Would you output the lines from the one with "Armadi A Muro" through the last line of the material below, exactly, but without pictures?

● **Given data**:
□ □ □
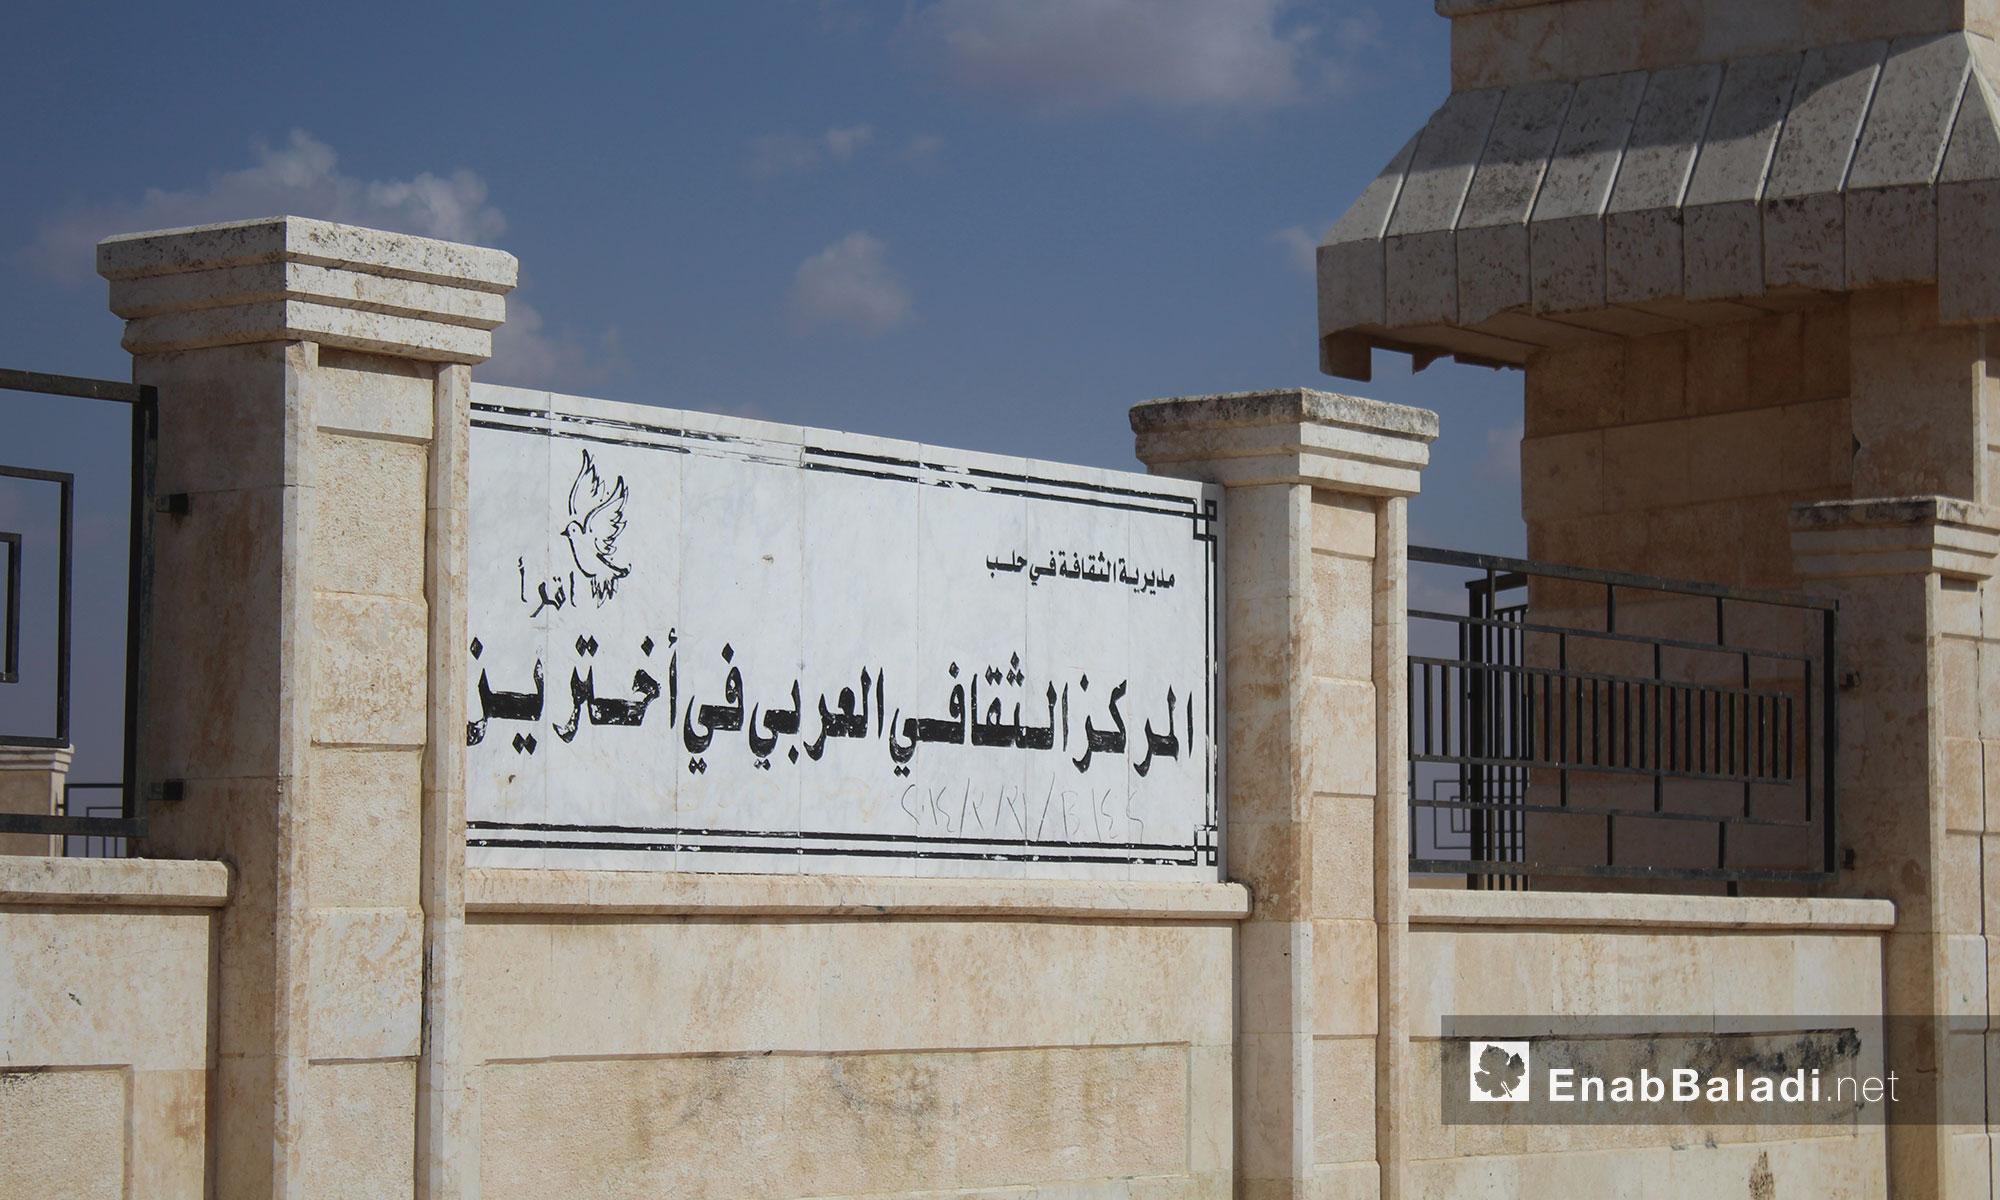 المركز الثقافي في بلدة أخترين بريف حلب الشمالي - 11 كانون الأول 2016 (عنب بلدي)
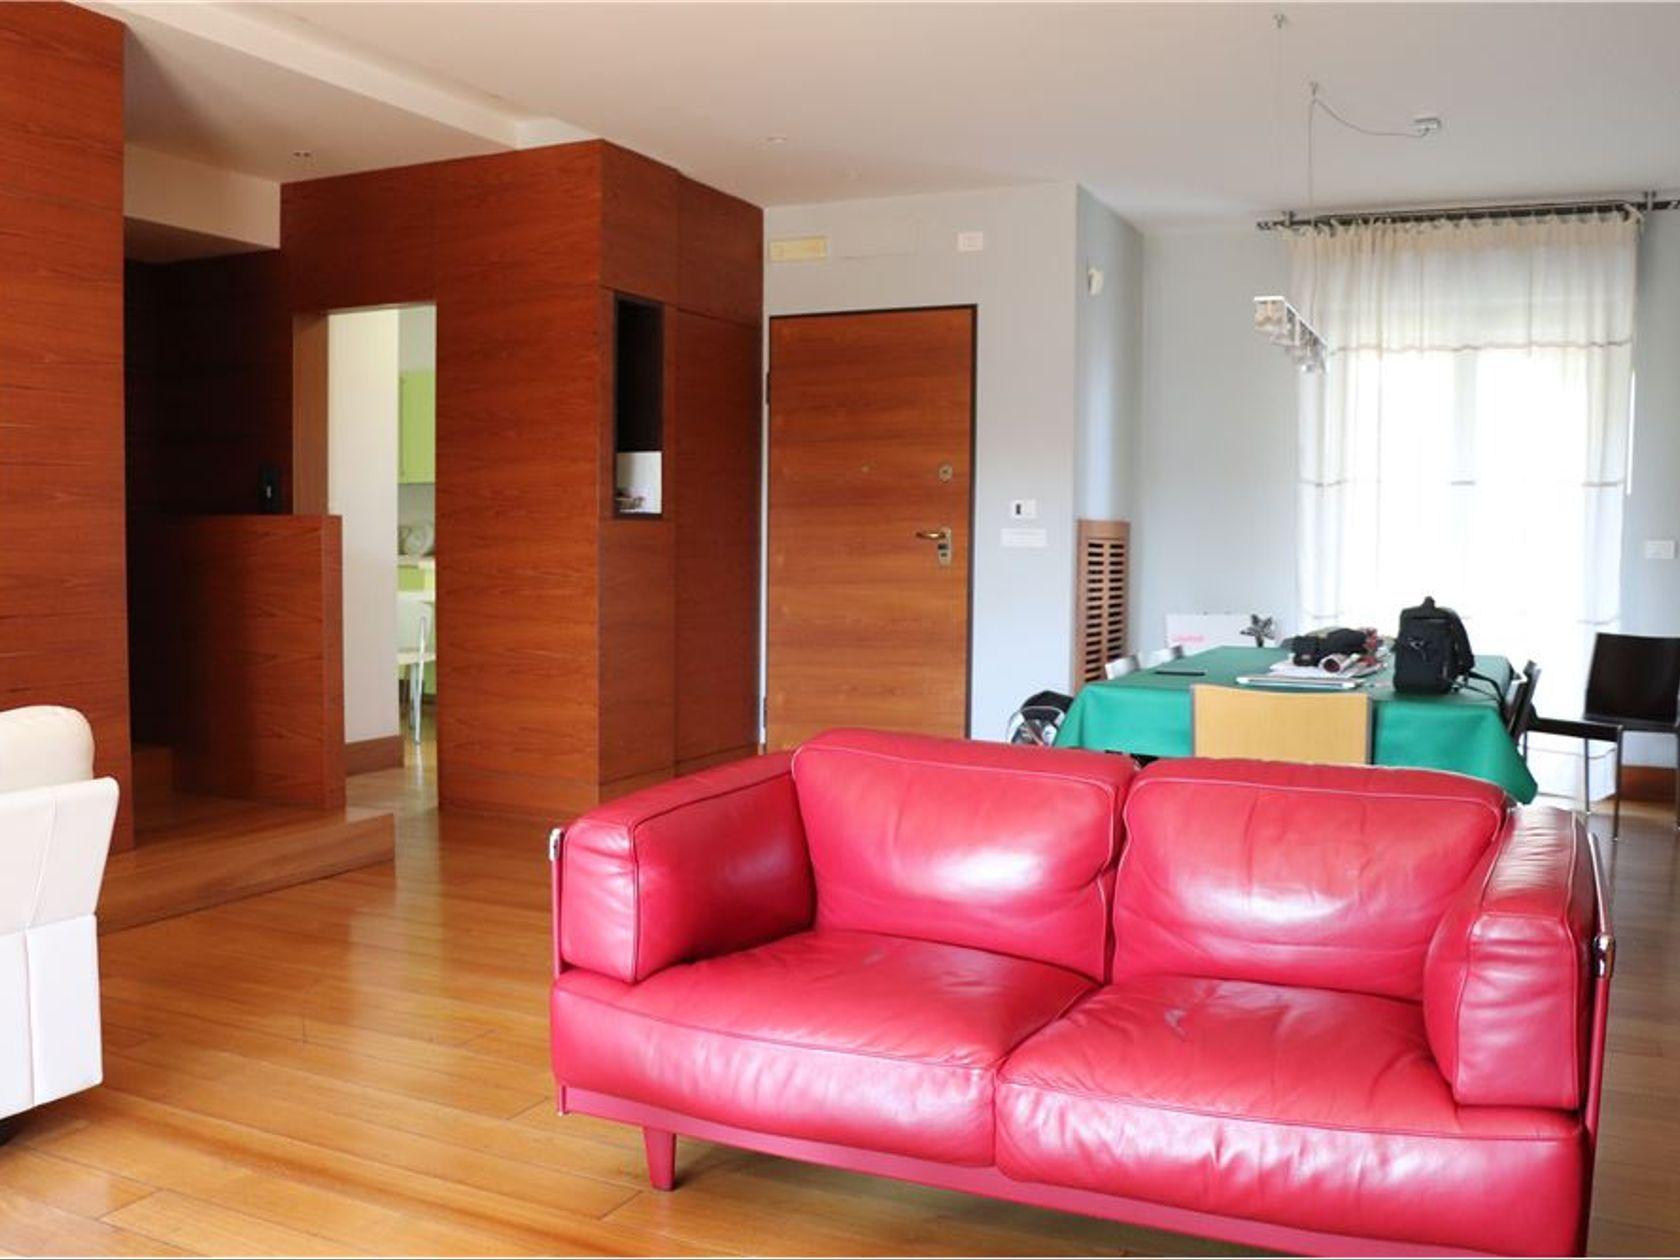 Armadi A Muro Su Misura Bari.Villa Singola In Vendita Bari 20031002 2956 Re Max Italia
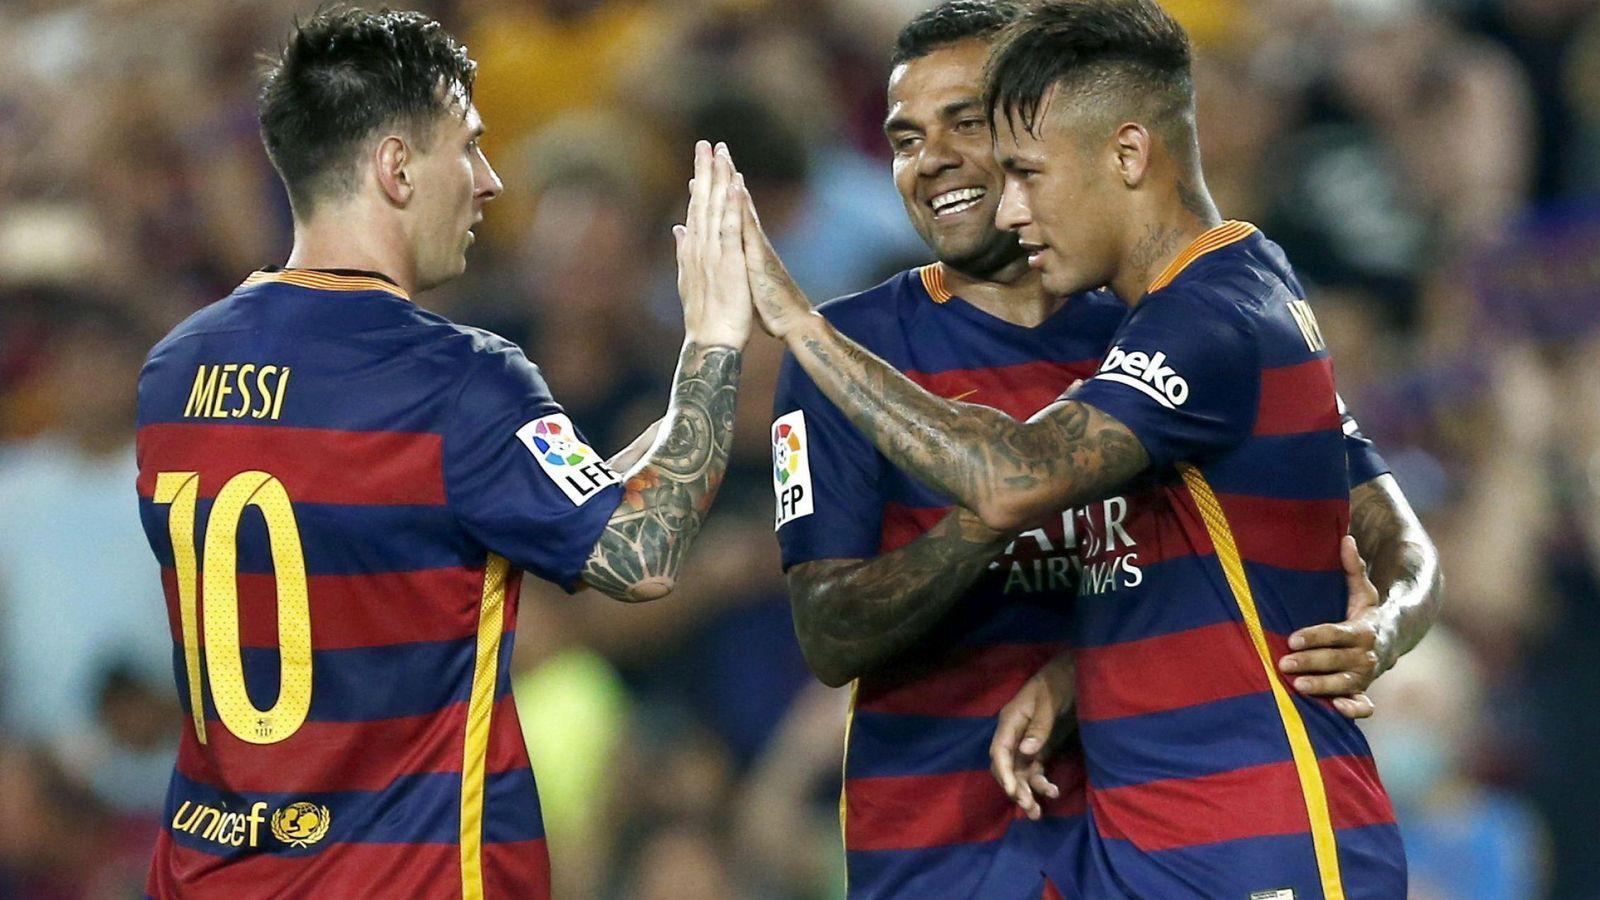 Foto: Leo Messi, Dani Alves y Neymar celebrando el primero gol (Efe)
□ □ □
● **Response to this exercise**:
 Armadi A Muro Su Misura Bari.Villa Singola In Vendita Bari 20031002 2956 Re Max Italia
 Foto: Leo Messi, Dani Alves y Neymar celebrando el primero gol (Efe)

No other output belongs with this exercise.